▸ **Data extract**
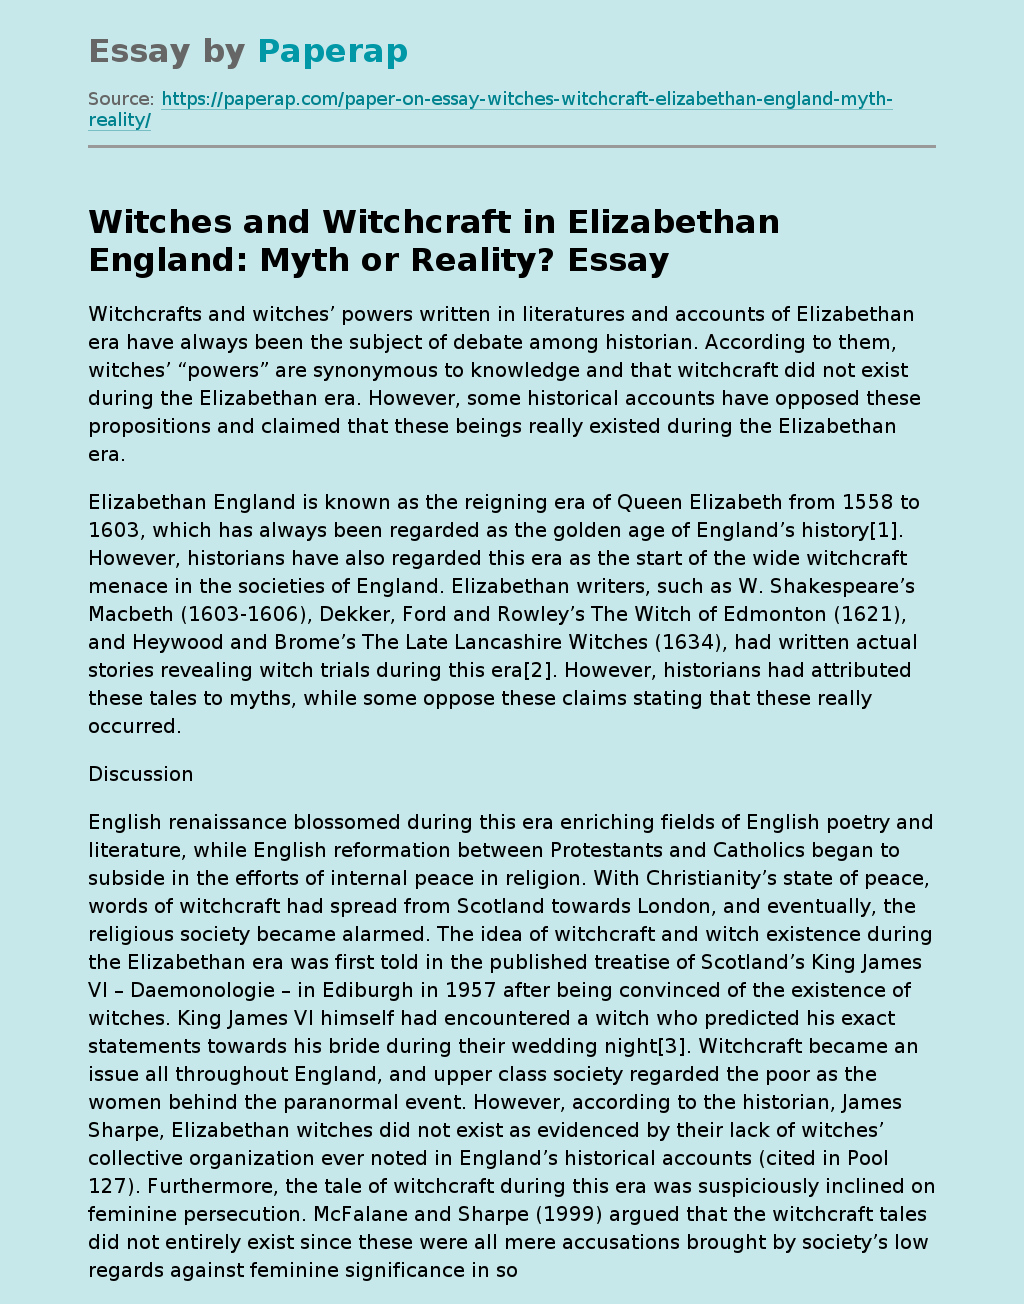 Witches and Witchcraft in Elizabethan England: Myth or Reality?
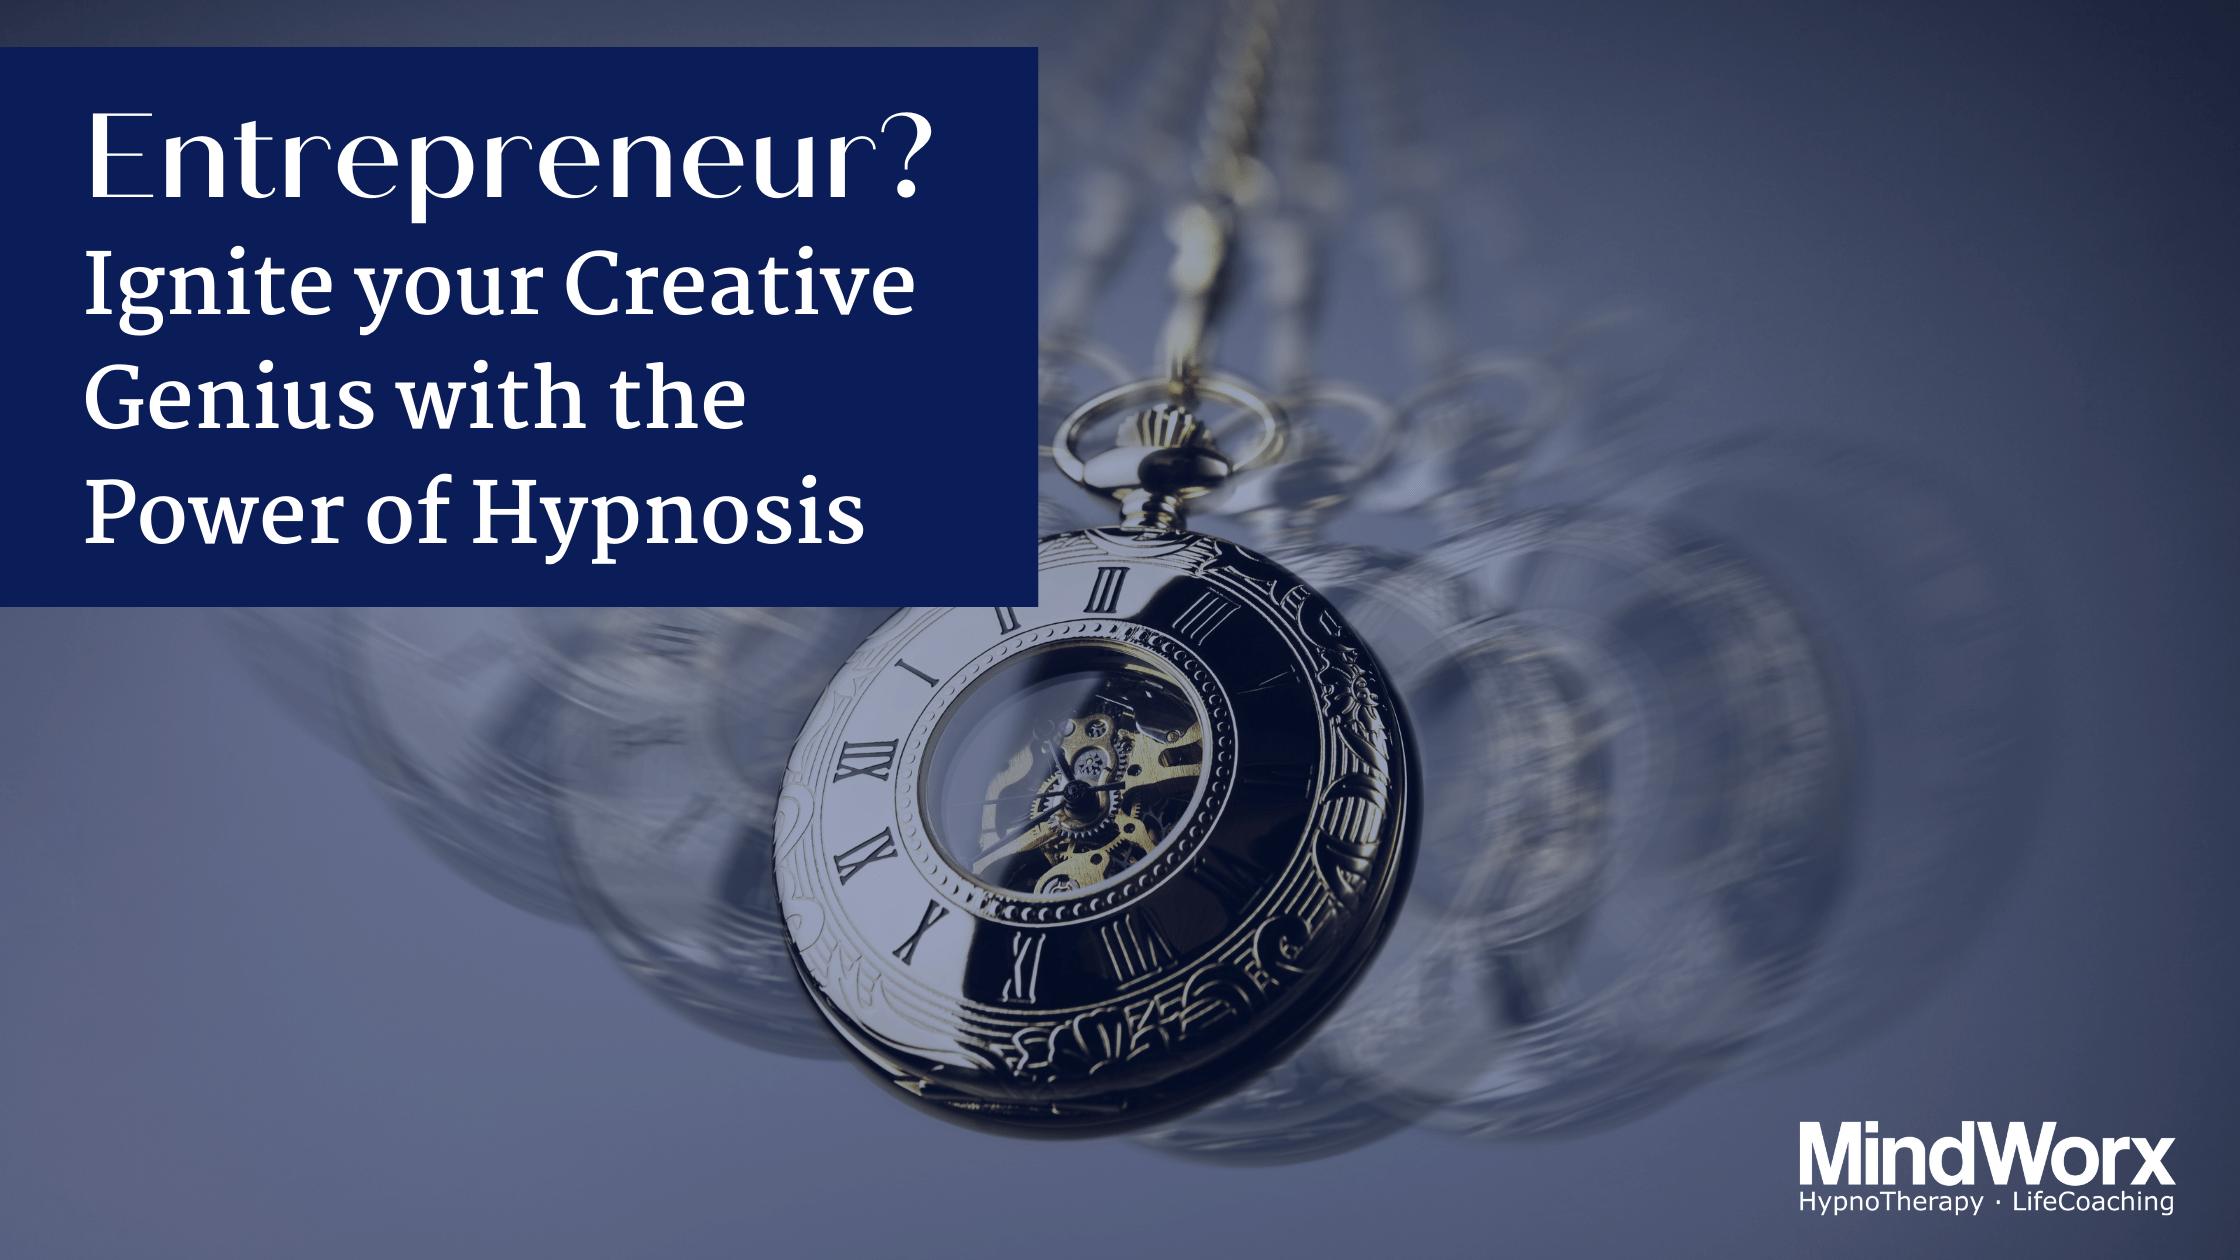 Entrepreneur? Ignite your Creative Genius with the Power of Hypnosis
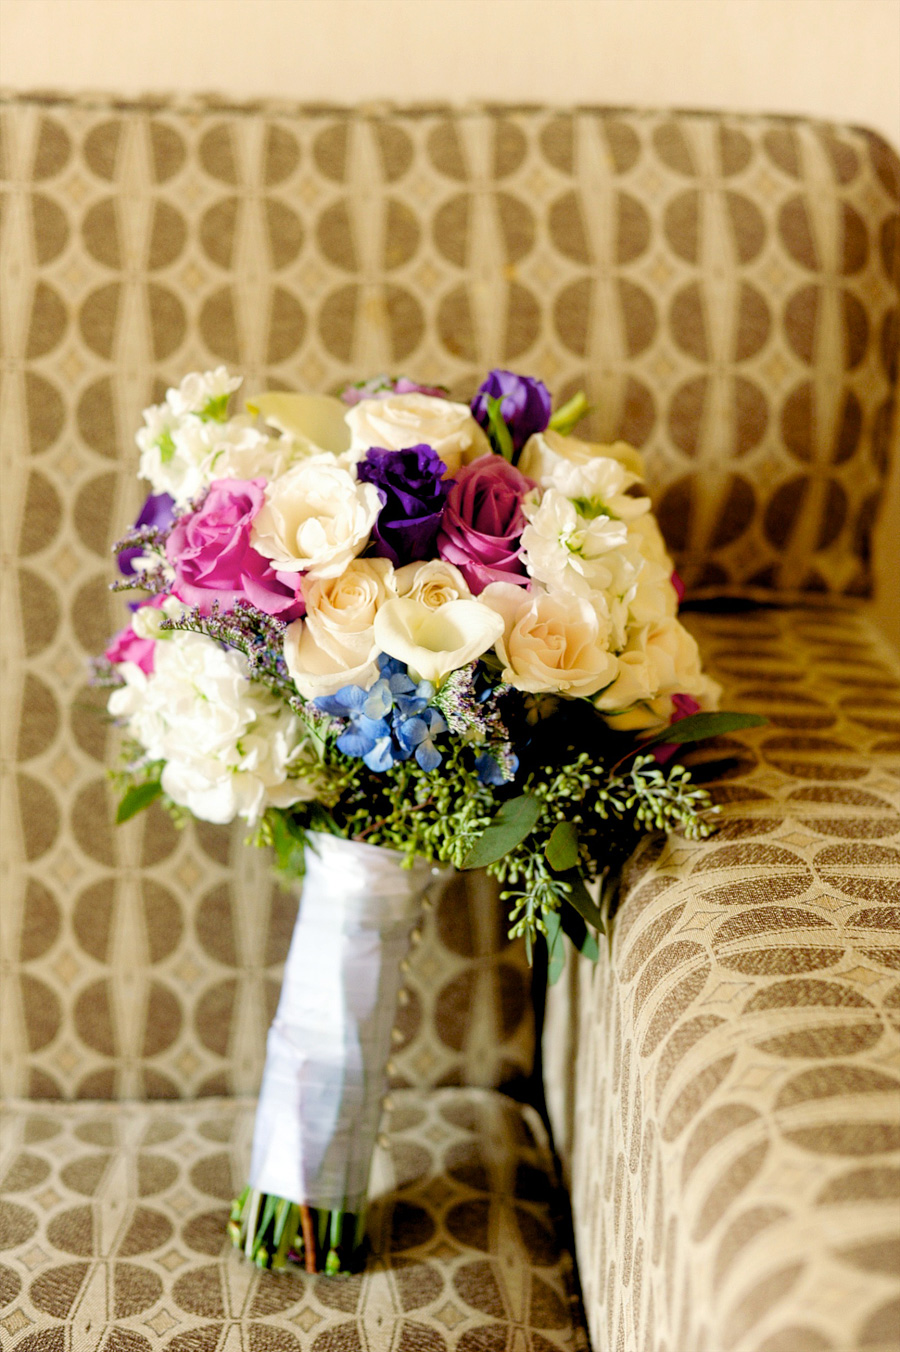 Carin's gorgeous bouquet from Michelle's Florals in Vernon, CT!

▸ **Task details**
The response must match the listing exactly, except that pictures are removed.

▸ **Response**
 Witches and Witchcraft in Elizabethan England: Myth or Reality?
 Entrepreneur? Ignite your Creative Genius with the Power of Hypnosis
 Carin's gorgeous bouquet from Michelle's Florals in Vernon, CT!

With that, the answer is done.